Source records
====
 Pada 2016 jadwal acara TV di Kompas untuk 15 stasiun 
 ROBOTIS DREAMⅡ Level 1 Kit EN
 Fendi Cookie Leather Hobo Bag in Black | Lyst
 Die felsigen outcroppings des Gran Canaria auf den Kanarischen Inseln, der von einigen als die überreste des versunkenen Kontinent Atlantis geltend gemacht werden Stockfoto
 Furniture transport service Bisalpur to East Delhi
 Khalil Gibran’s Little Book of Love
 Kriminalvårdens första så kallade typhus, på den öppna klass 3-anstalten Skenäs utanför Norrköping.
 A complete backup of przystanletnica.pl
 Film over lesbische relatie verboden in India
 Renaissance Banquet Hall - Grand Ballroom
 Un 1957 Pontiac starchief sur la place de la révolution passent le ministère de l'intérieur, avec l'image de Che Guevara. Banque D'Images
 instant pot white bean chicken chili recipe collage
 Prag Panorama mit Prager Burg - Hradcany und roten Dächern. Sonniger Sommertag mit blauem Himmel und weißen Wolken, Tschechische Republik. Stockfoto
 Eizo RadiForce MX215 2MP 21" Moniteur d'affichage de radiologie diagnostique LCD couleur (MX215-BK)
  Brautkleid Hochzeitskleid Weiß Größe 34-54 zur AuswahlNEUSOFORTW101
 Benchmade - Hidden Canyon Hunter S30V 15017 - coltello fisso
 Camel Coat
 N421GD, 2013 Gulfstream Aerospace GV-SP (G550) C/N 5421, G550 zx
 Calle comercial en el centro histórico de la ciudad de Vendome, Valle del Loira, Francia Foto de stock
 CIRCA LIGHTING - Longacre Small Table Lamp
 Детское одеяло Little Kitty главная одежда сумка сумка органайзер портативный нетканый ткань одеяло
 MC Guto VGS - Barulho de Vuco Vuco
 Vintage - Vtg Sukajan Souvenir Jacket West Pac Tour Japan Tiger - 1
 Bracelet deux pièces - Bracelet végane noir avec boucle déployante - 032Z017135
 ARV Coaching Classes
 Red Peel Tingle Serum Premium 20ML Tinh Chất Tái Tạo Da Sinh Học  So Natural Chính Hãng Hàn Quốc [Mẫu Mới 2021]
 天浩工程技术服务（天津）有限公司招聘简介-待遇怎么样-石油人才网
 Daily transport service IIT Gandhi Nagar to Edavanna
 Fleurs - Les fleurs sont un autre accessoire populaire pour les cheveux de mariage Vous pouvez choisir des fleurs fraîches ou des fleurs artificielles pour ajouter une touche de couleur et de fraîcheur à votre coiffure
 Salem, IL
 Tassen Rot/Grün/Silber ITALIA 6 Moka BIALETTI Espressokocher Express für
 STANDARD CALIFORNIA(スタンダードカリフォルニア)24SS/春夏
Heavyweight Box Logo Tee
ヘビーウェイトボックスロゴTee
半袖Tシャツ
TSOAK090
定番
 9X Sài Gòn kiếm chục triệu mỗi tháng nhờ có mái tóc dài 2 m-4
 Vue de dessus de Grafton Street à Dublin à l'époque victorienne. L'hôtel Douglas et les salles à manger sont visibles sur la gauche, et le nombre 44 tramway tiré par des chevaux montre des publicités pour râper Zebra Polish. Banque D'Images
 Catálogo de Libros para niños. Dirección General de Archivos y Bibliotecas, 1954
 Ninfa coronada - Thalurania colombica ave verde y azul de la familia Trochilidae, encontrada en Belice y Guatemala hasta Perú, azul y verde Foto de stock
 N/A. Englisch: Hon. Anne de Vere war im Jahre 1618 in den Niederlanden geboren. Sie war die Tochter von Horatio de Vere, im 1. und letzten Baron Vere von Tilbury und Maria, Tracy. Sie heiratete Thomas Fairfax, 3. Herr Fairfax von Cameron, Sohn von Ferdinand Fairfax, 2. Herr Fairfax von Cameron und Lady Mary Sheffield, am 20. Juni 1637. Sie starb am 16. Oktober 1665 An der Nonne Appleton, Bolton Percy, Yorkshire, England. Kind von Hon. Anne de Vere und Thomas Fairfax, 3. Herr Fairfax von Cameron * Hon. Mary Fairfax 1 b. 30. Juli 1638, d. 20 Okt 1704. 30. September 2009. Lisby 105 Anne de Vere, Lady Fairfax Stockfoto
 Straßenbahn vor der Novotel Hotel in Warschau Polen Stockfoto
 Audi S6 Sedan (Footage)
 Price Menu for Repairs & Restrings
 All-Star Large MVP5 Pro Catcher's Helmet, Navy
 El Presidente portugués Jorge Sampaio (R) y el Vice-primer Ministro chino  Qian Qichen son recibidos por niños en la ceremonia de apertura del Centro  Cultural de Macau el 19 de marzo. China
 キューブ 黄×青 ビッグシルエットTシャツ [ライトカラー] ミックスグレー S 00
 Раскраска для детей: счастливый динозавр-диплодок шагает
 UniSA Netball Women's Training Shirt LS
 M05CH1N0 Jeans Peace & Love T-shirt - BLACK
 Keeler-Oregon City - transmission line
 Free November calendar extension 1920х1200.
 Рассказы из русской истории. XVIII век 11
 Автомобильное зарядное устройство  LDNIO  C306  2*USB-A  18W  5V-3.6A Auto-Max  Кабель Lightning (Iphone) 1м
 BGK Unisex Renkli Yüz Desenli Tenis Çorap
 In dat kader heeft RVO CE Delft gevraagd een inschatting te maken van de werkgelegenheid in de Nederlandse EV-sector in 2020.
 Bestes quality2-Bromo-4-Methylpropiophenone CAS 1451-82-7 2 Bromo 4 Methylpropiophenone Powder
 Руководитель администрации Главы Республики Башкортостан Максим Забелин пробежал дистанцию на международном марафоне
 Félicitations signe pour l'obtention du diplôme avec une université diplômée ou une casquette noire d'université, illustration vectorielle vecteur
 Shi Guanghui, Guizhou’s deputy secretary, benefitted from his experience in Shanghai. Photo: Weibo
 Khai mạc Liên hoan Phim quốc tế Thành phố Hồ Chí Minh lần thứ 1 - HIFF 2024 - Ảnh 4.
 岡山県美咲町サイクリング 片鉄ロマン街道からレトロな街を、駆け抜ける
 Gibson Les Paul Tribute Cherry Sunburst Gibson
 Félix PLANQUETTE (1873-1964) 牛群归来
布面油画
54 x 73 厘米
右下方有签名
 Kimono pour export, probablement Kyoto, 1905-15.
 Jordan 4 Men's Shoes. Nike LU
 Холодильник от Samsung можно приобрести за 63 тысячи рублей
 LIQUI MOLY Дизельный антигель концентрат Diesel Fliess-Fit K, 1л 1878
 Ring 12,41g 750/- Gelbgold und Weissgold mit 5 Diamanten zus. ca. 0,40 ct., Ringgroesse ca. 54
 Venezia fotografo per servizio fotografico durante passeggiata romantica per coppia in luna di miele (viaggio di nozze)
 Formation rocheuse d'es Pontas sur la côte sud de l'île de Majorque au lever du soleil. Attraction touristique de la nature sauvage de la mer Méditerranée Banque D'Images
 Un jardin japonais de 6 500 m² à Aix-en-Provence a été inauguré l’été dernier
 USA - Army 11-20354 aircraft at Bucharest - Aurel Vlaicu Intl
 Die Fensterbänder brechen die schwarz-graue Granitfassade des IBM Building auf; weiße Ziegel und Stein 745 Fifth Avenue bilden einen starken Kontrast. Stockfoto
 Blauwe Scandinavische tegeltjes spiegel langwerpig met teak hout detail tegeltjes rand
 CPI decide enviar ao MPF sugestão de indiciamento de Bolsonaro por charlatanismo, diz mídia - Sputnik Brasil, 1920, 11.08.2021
====
* What you need to do *
Taking the entries above, write out exactly each line from the one holding "CIRCA LIGHTING - Longacre Small Table Lamp" to the one holding "ARV Coaching Classes", both included, and stop there.

* Your solution *
 CIRCA LIGHTING - Longacre Small Table Lamp
 Детское одеяло Little Kitty главная одежда сумка сумка органайзер портативный нетканый ткань одеяло
 MC Guto VGS - Barulho de Vuco Vuco
 Vintage - Vtg Sukajan Souvenir Jacket West Pac Tour Japan Tiger - 1
 Bracelet deux pièces - Bracelet végane noir avec boucle déployante - 032Z017135
 ARV Coaching Classes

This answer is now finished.